Task item >>
Each entry is to be output precisely as it appears.

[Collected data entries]
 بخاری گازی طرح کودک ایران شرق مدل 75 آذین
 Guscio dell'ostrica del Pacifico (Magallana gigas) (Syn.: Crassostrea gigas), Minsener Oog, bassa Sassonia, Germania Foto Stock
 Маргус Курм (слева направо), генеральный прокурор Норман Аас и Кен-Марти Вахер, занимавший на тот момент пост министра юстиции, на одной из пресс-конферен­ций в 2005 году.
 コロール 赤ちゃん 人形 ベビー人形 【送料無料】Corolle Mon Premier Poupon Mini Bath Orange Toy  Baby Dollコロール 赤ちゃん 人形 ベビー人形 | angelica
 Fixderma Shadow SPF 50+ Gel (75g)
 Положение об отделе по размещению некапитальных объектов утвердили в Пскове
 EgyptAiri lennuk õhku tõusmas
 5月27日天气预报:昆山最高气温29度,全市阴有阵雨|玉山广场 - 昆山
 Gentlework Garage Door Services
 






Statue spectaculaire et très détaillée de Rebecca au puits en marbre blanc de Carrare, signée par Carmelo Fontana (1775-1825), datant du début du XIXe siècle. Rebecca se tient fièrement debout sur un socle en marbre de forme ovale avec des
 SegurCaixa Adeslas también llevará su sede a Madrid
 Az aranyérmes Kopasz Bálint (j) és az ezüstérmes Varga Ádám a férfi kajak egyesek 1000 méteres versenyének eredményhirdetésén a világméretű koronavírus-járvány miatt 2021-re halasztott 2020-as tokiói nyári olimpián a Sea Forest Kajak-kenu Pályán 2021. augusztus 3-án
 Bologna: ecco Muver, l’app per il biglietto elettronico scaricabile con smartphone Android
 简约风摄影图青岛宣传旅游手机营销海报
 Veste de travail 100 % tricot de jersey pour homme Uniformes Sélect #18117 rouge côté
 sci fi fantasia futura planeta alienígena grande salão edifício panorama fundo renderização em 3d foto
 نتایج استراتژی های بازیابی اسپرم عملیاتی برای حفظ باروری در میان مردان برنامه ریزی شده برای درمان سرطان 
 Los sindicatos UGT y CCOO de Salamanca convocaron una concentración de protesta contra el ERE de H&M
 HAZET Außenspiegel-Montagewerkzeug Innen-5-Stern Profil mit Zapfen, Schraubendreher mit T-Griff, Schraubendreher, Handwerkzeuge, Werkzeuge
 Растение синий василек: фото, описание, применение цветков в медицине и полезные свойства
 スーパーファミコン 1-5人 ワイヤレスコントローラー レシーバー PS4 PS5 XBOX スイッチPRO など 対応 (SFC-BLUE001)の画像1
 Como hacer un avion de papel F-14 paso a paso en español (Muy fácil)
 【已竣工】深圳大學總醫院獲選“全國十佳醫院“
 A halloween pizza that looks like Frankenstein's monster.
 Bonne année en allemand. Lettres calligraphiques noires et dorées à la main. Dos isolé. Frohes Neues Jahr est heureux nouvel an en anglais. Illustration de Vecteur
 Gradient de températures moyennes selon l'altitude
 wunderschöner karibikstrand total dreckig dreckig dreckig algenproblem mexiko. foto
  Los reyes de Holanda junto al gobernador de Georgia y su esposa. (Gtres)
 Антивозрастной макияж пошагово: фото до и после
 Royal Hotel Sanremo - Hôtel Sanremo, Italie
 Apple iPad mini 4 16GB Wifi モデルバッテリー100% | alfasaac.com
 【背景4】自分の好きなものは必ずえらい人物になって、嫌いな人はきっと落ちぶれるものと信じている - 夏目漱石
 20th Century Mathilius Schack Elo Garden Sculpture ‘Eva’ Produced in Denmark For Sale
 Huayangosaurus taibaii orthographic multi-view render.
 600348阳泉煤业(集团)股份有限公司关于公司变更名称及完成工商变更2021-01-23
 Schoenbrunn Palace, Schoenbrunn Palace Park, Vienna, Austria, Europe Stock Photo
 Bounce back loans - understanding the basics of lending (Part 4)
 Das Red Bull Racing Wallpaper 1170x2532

Task answer >>
 بخاری گازی طرح کودک ایران شرق مدل 75 آذین
 Guscio dell'ostrica del Pacifico (Magallana gigas) (Syn.: Crassostrea gigas), Minsener Oog, bassa Sassonia, Germania Foto Stock
 Маргус Курм (слева направо), генеральный прокурор Норман Аас и Кен-Марти Вахер, занимавший на тот момент пост министра юстиции, на одной из пресс-конферен­ций в 2005 году.
 コロール 赤ちゃん 人形 ベビー人形 【送料無料】Corolle Mon Premier Poupon Mini Bath Orange Toy  Baby Dollコロール 赤ちゃん 人形 ベビー人形 | angelica
 Fixderma Shadow SPF 50+ Gel (75g)
 Положение об отделе по размещению некапитальных объектов утвердили в Пскове
 EgyptAiri lennuk õhku tõusmas
 5月27日天气预报:昆山最高气温29度,全市阴有阵雨|玉山广场 - 昆山
 Gentlework Garage Door Services
 






Statue spectaculaire et très détaillée de Rebecca au puits en marbre blanc de Carrare, signée par Carmelo Fontana (1775-1825), datant du début du XIXe siècle. Rebecca se tient fièrement debout sur un socle en marbre de forme ovale avec des
 SegurCaixa Adeslas también llevará su sede a Madrid
 Az aranyérmes Kopasz Bálint (j) és az ezüstérmes Varga Ádám a férfi kajak egyesek 1000 méteres versenyének eredményhirdetésén a világméretű koronavírus-járvány miatt 2021-re halasztott 2020-as tokiói nyári olimpián a Sea Forest Kajak-kenu Pályán 2021. augusztus 3-án
 Bologna: ecco Muver, l’app per il biglietto elettronico scaricabile con smartphone Android
 简约风摄影图青岛宣传旅游手机营销海报
 Veste de travail 100 % tricot de jersey pour homme Uniformes Sélect #18117 rouge côté
 sci fi fantasia futura planeta alienígena grande salão edifício panorama fundo renderização em 3d foto
 نتایج استراتژی های بازیابی اسپرم عملیاتی برای حفظ باروری در میان مردان برنامه ریزی شده برای درمان سرطان 
 Los sindicatos UGT y CCOO de Salamanca convocaron una concentración de protesta contra el ERE de H&M
 HAZET Außenspiegel-Montagewerkzeug Innen-5-Stern Profil mit Zapfen, Schraubendreher mit T-Griff, Schraubendreher, Handwerkzeuge, Werkzeuge
 Растение синий василек: фото, описание, применение цветков в медицине и полезные свойства
 スーパーファミコン 1-5人 ワイヤレスコントローラー レシーバー PS4 PS5 XBOX スイッチPRO など 対応 (SFC-BLUE001)の画像1
 Como hacer un avion de papel F-14 paso a paso en español (Muy fácil)
 【已竣工】深圳大學總醫院獲選“全國十佳醫院“
 A halloween pizza that looks like Frankenstein's monster.
 Bonne année en allemand. Lettres calligraphiques noires et dorées à la main. Dos isolé. Frohes Neues Jahr est heureux nouvel an en anglais. Illustration de Vecteur
 Gradient de températures moyennes selon l'altitude
 wunderschöner karibikstrand total dreckig dreckig dreckig algenproblem mexiko. foto
  Los reyes de Holanda junto al gobernador de Georgia y su esposa. (Gtres)
 Антивозрастной макияж пошагово: фото до и после
 Royal Hotel Sanremo - Hôtel Sanremo, Italie
 Apple iPad mini 4 16GB Wifi モデルバッテリー100% | alfasaac.com
 【背景4】自分の好きなものは必ずえらい人物になって、嫌いな人はきっと落ちぶれるものと信じている - 夏目漱石
 20th Century Mathilius Schack Elo Garden Sculpture ‘Eva’ Produced in Denmark For Sale
 Huayangosaurus taibaii orthographic multi-view render.
 600348阳泉煤业(集团)股份有限公司关于公司变更名称及完成工商变更2021-01-23
 Schoenbrunn Palace, Schoenbrunn Palace Park, Vienna, Austria, Europe Stock Photo
 Bounce back loans - understanding the basics of lending (Part 4)
 Das Red Bull Racing Wallpaper 1170x2532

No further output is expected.